VXLAN BGP EVPN - 2 - Intra VNI switching
In this post, we will concentrate on the BGP EVPN building blocks needed to accomplish intra-VNI switching.
Introduction
In this post, we will concentrate on the BGP EVPN building blocks needed to accomplish intra-VNI switching.
Topology
Configuration
BGP L2VPN EVPN
- EVPN is an AFI in BGP that helps perform control-plane MAC/IP learning thereby providing control for who can learn what routes by applying policies and ultimately enabling us to send L2 frames across an IP network.
- Leaf-Spine has iBGP peering on their loopback 50.
- Spine has the same config as the leaf except it is also a Route Reflector.

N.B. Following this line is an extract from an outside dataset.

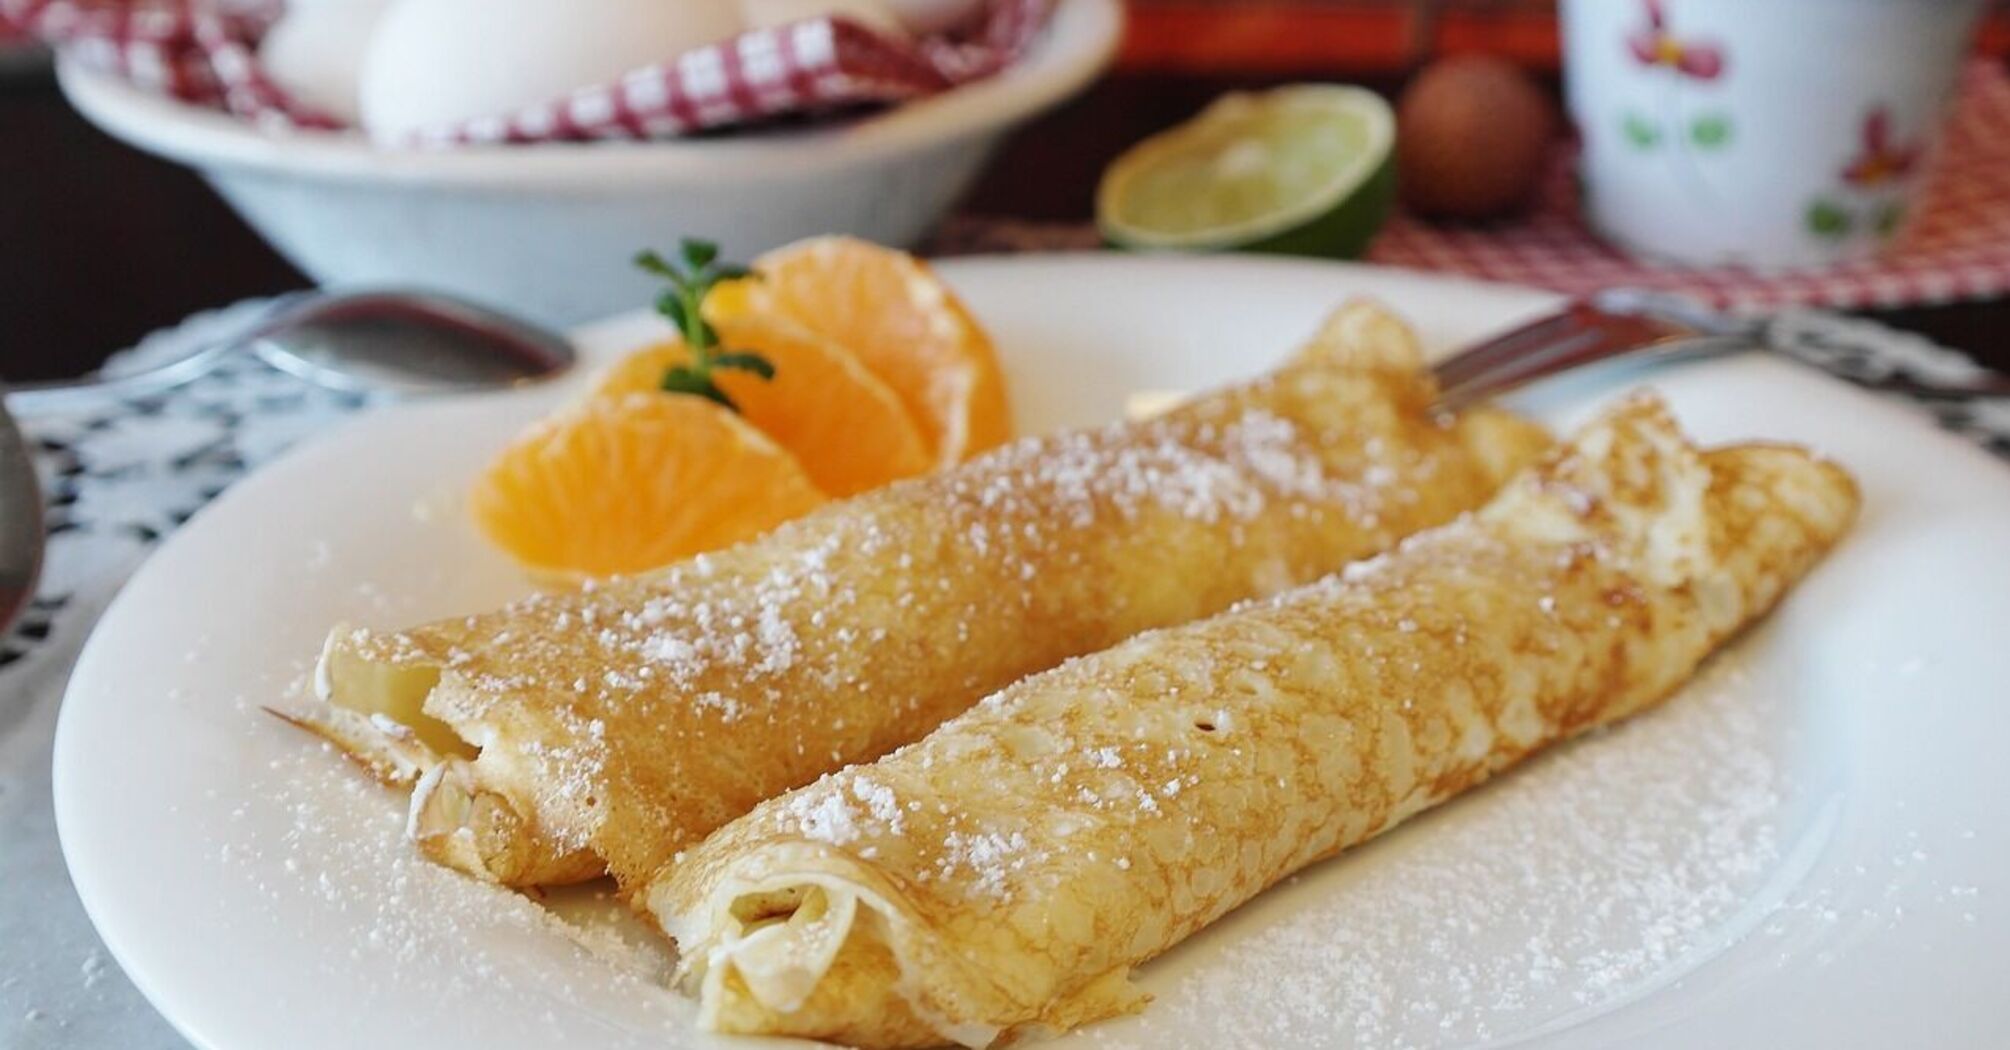 The perfect snack during Shrovetide: pancakes with apple filling

Leaf 101 (use the below template to configure Leaf 102)
feature bgp
nv overlay evpn
router bgp 65501
router-id 172.16.50.101
log-neighbor-changes
address-family ipv4 unicast
address-family l2vpn evpn
template peer TO_SPINES
remote-as 65501
update-source loopback50
address-family l2vpn evpn
send-community extended
neighbor 172.16.50.11
inherit peer TO_SPINES
neighbor 172.16.50.12
inherit peer TO_SPINES
Spine 11 (use the below template to configure Spine 12)
feature bgp
nv overlay evpn
router bgp 65501
router-id 172.16.50.11
log-neighbor-changes
address-family ipv4 unicast
address-family l2vpn evpn
template peer TO_LEAFS
remote-as 65501
update-source loopback50
address-family l2vpn evpn
send-community extended
route-reflector-client
neighbor 172.16.50.101
inherit peer TO_LEAFS
neighbor 172.16.50.102
inherit peer TO_LEAFS
verification
spine-11# sh bgp l2vpn evpn summary
BGP summary information for VRF default, address family L2VPN EVPN
BGP router identifier 172.16.50.11, local AS number 65501
BGP table version is 14, L2VPN EVPN config peers 2, capable peers 2
0 network entries and 0 paths using 0 bytes of memory
BGP attribute entries [0/0], BGP AS path entries [0/0]
BGP community entries [0/0], BGP clusterlist entries [0/0]
Neighbor V AS MsgRcvd MsgSent TblVer InQ OutQ Up/Down State/PfxRcd
172.16.50.101 4 65501 3456 3457 14 0 0 2d09h 0
172.16.50.102 4 65501 3460 3456 14 0 0 2d09h 0
NVE interface
Next, enable the NVE interface and specify that BGP will be used for the overlay control plane. The NVE interface IP will appear as the next hop in BGP updates in later sections.
Leaf 101 (use the below template to configure Leaf 102)
feature nv overlay
interface nve 1
no shutdown
host-reachability protocol bgp
source-interface loopback100
Host Mobility Manager
HMM is needed to track MAC addresses inside the VXLAN fabric.
Leaf 101 (use the below template to configure Leaf 102)
feature fabric forwarding
Anycast GW
All leaves in the fabric share a virtual MAC address which acts as the anycast GW. By doing this, we are tricking clients into thinking that there’s a single core switch so that even if the client moves, its GW mac remains the same.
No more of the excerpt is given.